Figure 3 is presented for further visualisation purpose as several considerations

should be taken for achieving accurate readings. This is because both local
emissivity and the background temperature affect the IR system. The accuracy of
the IR reading is also influenced by several factors such as air temperature and
wind speed.

6.3. Temperature difference variation

The influence of the fin’s base-to-surrounding temperature difference on the
coefficient of heat transfer, the rate of heat transfer, and Nusselt number according
to different fins spacing of (S= 10, 11, 12, 13, and 15mm) are presented in Figs. 4
to 6. These parameters possibly increase, according to increasing of the fin base-
to-surrounding temperature difference for all fin spacing values.

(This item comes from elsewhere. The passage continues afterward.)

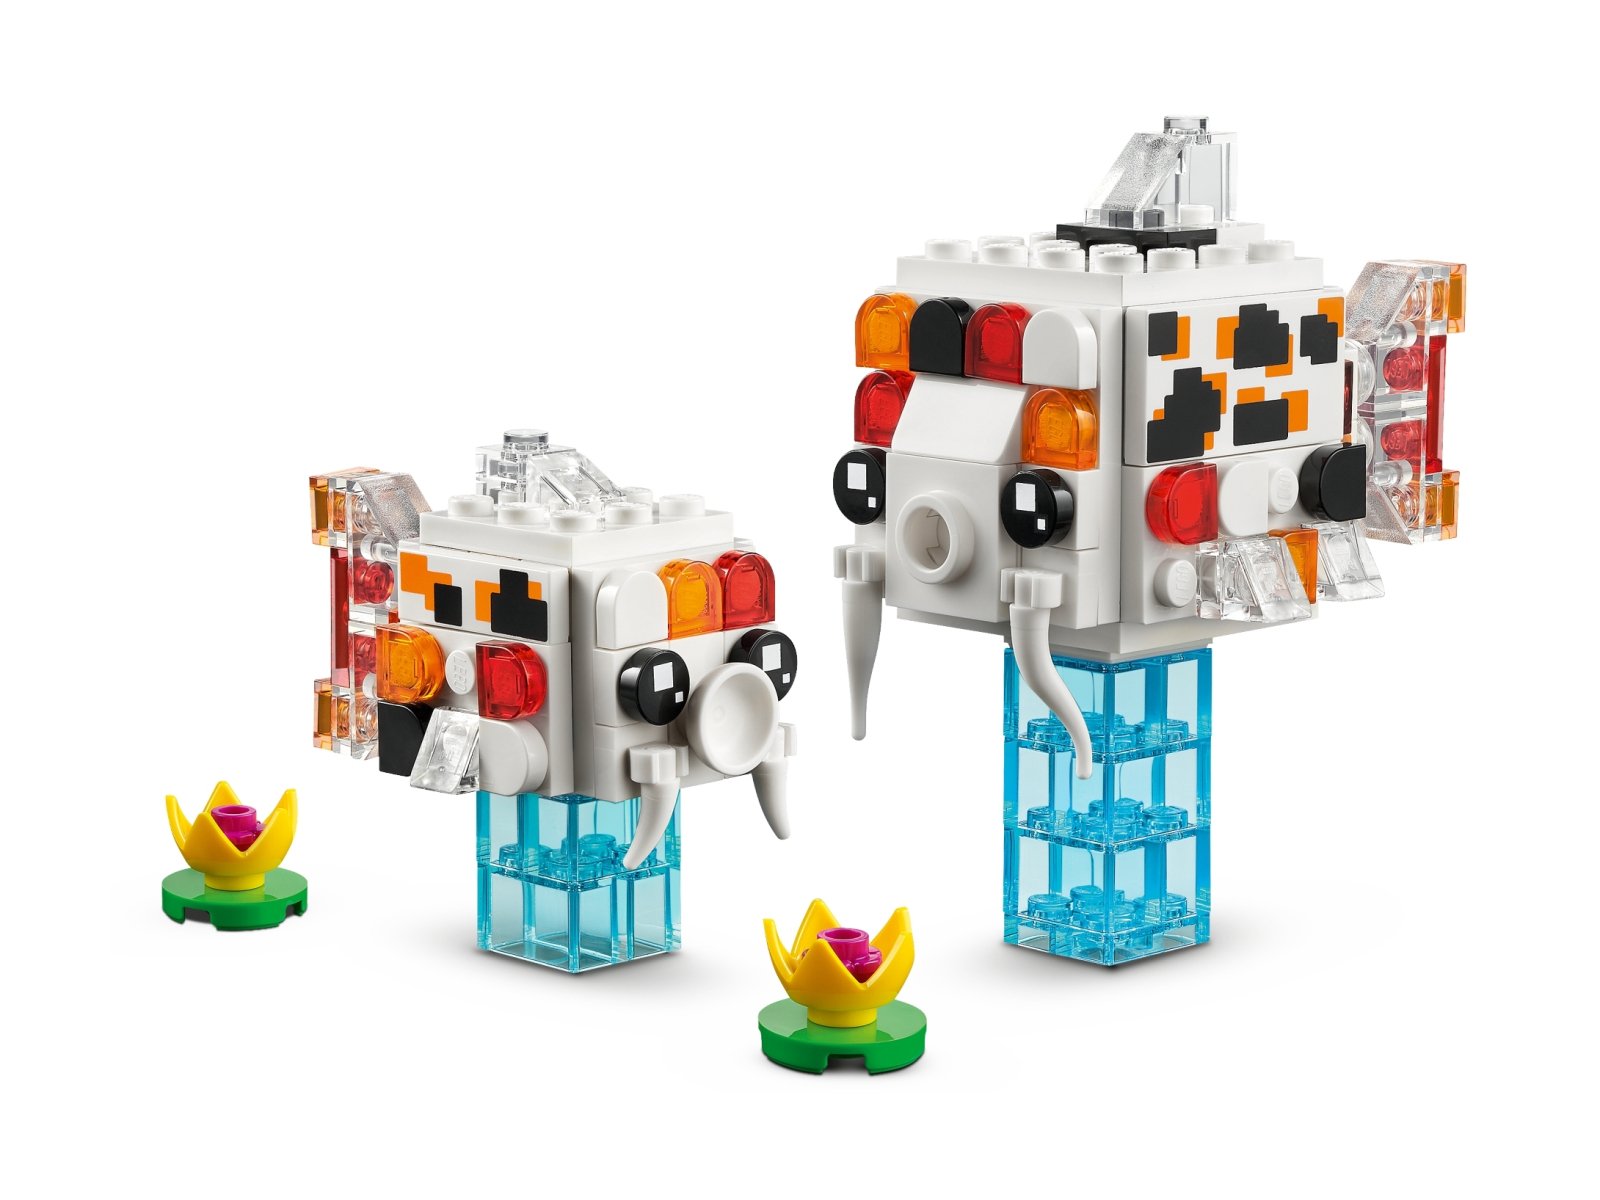 LEGO BrickHeadz 40545 Karp koi

The behaviour of
the heat transfer coefficient with the fin base-to-surrounding temperature
difference is shown in Fig. 4. The coefficient of heat transfer improves with the
increase of the temperature difference between the average base temperature of the
heat sink and the surrounding temperature. Besides, the heat transfer coefficient
has a maximum value when the fin spacing is 12 mm; despite that, the temperature
difference has been reduced. The figure also shows that the benefits of the heat
transfer coefficient become closer when the temperature difference is slight. In
other words, the heat flux on the base of the heat sink is weak, while it diverged as
a result of the high range of the heat flux. Finally, the enhancement of the fin base-
to-surrounding temperature difference (reduction of the heat sink base) at 12 mm
fin spacing was 25% compared with 15 mm.

Fig. 4. The influence of temperature difference on heat transfer coefficient.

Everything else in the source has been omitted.